Are you a new mom in the first few weeks of being a mother?  If so, the carefree days of picking out the cutest baby shower invitations, buying and preparing for your newborn baby, and overall excitement and anticipation probably seem light years away.  I cannot stress how common it is for many new mothers to feel overwhelmed in the first few weeks and months of being a mother.  No matter what people say, what advice is given, and what books you read about being a mother, the truth of the matter is no mother is actually aware of and prepared for the transition until the baby is born.  If you feel overwhelmed by something, I can guarantee you another new mother is in the same shoes as you.

Constant State of Fear

One of the most common transitioning hurdles new parents, especially moms, face is having a heightened anxiety level.  Depending on what type of personality you are to begin with, having a newborn baby can make you more high-strung than before.  All of the sudden, the modern furniture set  you bought a year ago look like death traps, there doesn’t seem to be enough electric socket covers to cover up the sockets in your house, and you find yourself waking up every other hour just to check on your baby.

This increase in anxiety and sometimes even borderline paranoia is experienced by most new moms and dads.  Think of it this way, for all of your life, your main responsibility was taking care of yourself (which most of us started only in our teens), and now all of the sudden you find yourself responsible for this helpless, completely dependent, fragile 7 pound baby.  The fear and anxiety stems from inexperience and the sudden realization that someone’s life is dependent on you…for the next decade or so.
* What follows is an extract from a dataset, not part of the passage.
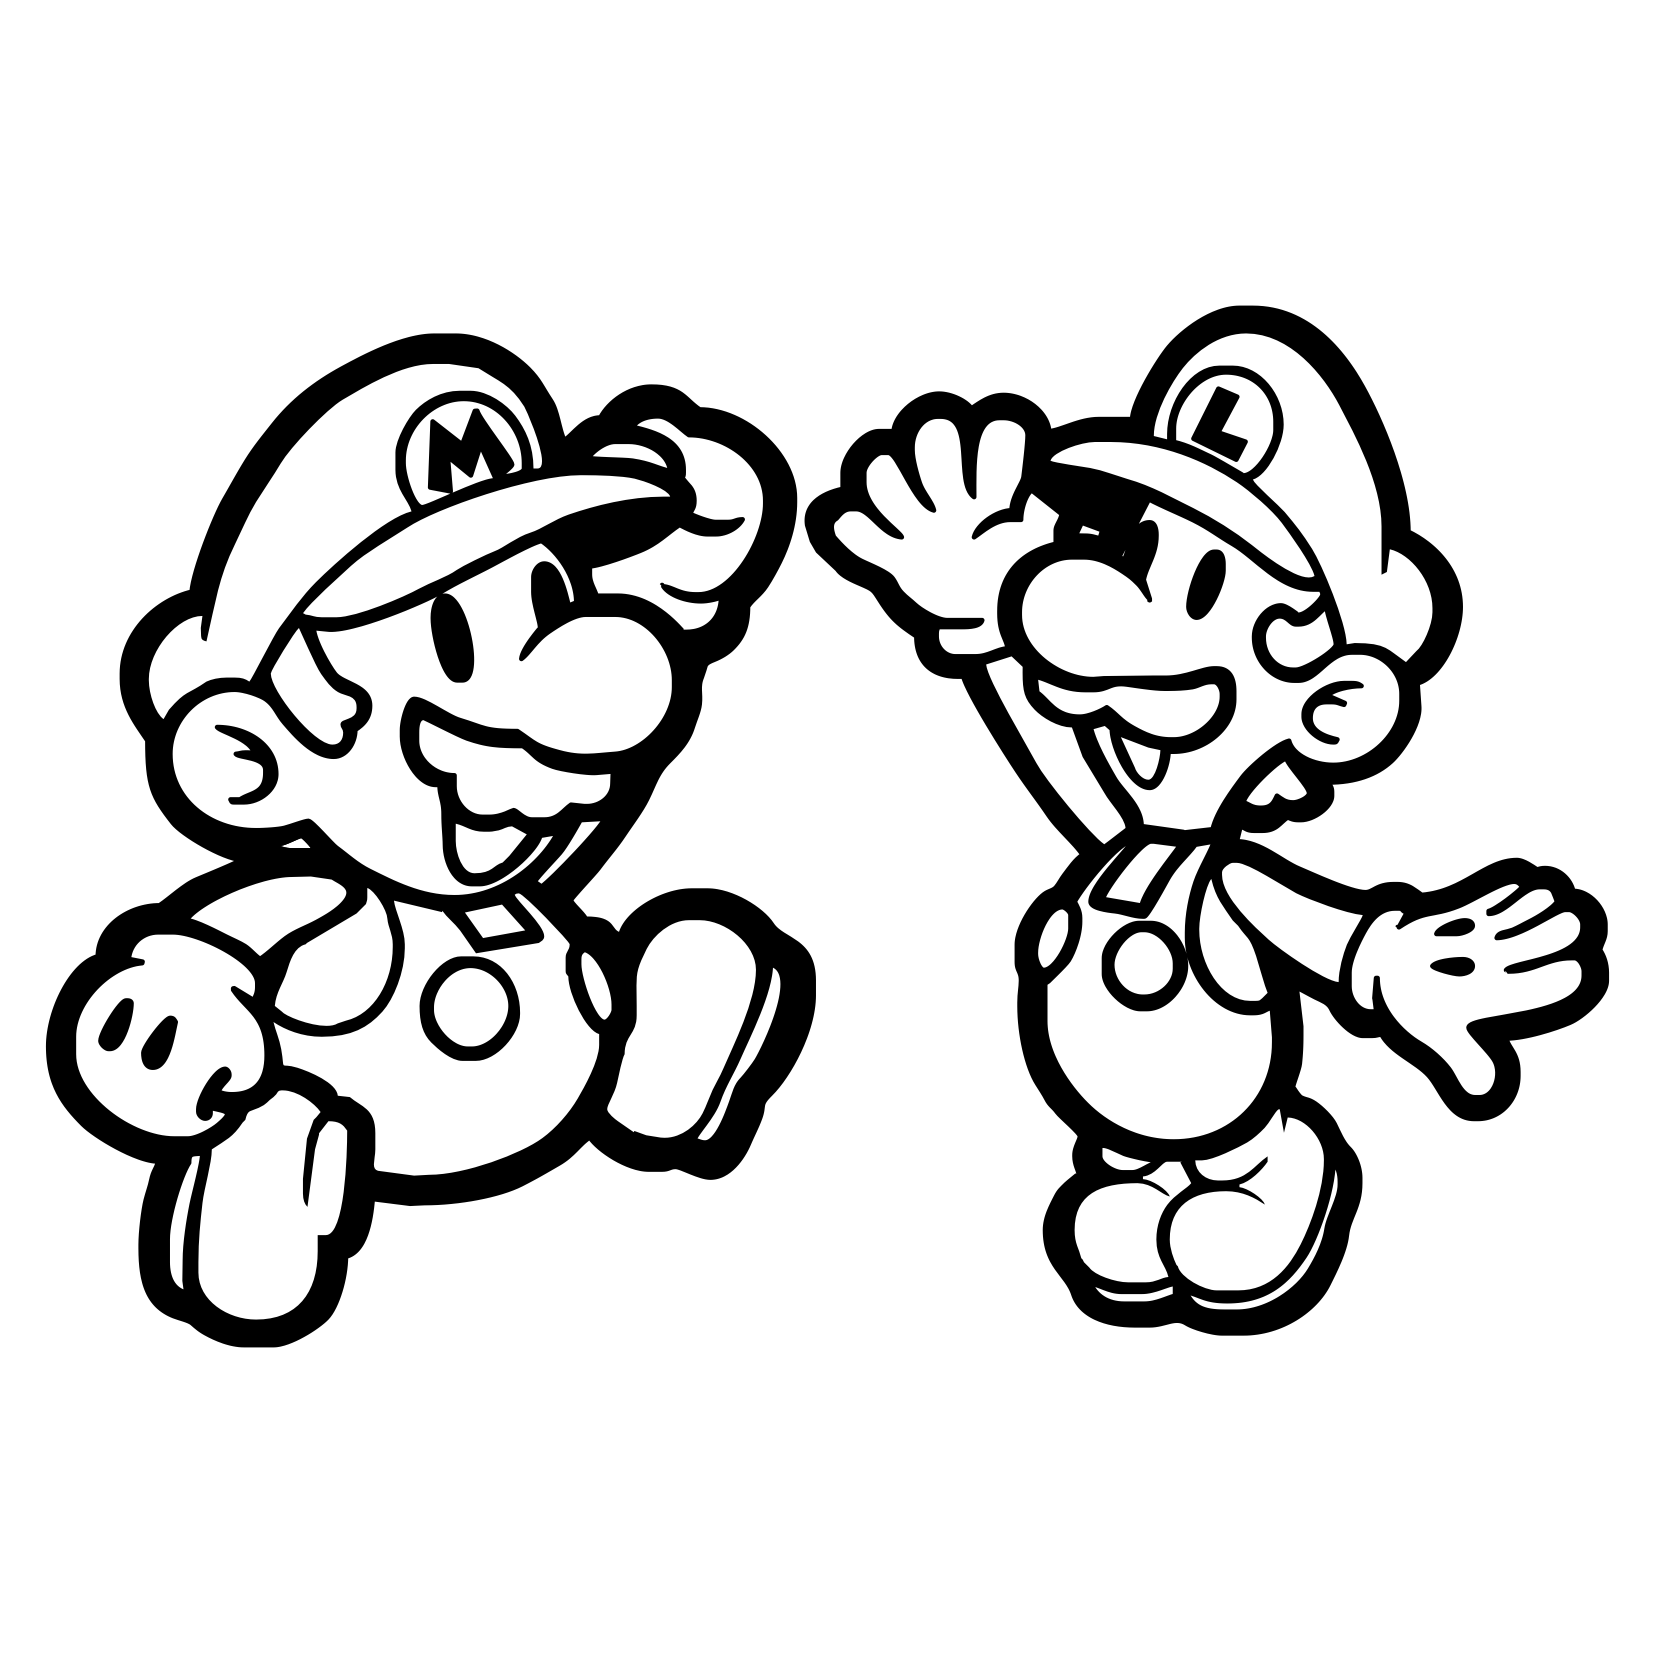 Mario and Luigi   Mario Bros Kids Coloring Pages

Similarly, in addition to a heightened anxiety and concern for your newborn baby, you probably are also reevaluating your personal decisions, often imagining things that could go wrong to either you or your spouse.  This fear also ties in with the fact that you have this new responsibly for another life.  You realize that by putting yourself in any form of danger would also negatively impact your newborn baby.

Dealing With Your Anxiety

So the question now is how do you deal with this constant annoying, pestering anxiety?  As mentioned before, a raised level of anxiety is common in most new parents, but how much is too much and when should you expect for it to decrease?  Most parents are able to deal with the transition somewhat smoothly.  They go through the initial surge in anxiety for the first few weeks or months and start becoming more comfortable with how to handle their baby and what to look out for.  Unfortunately not all mothers/parents are able to have that smooth transition.  Some mothers are so overwhelmed by constant fear and anxiety that they will neglect everything else and lose a sense of balance.  The best way to transition smoothly is to maintain relationships with other mothers, keep your hobbies from before, and find outlets to express your fears, concerns, and joys.  The best way to transition and get used to being a mother is through having a good network for support-whether it be your spouse, your parents, your family, or your friends.  Keeping yourself distanced and your emotions hidden is a good way to become easily discouraged and burnt out.  Being a mother is one of the best experiences a woman has over the course of her life, it’s up to you to make the best of it!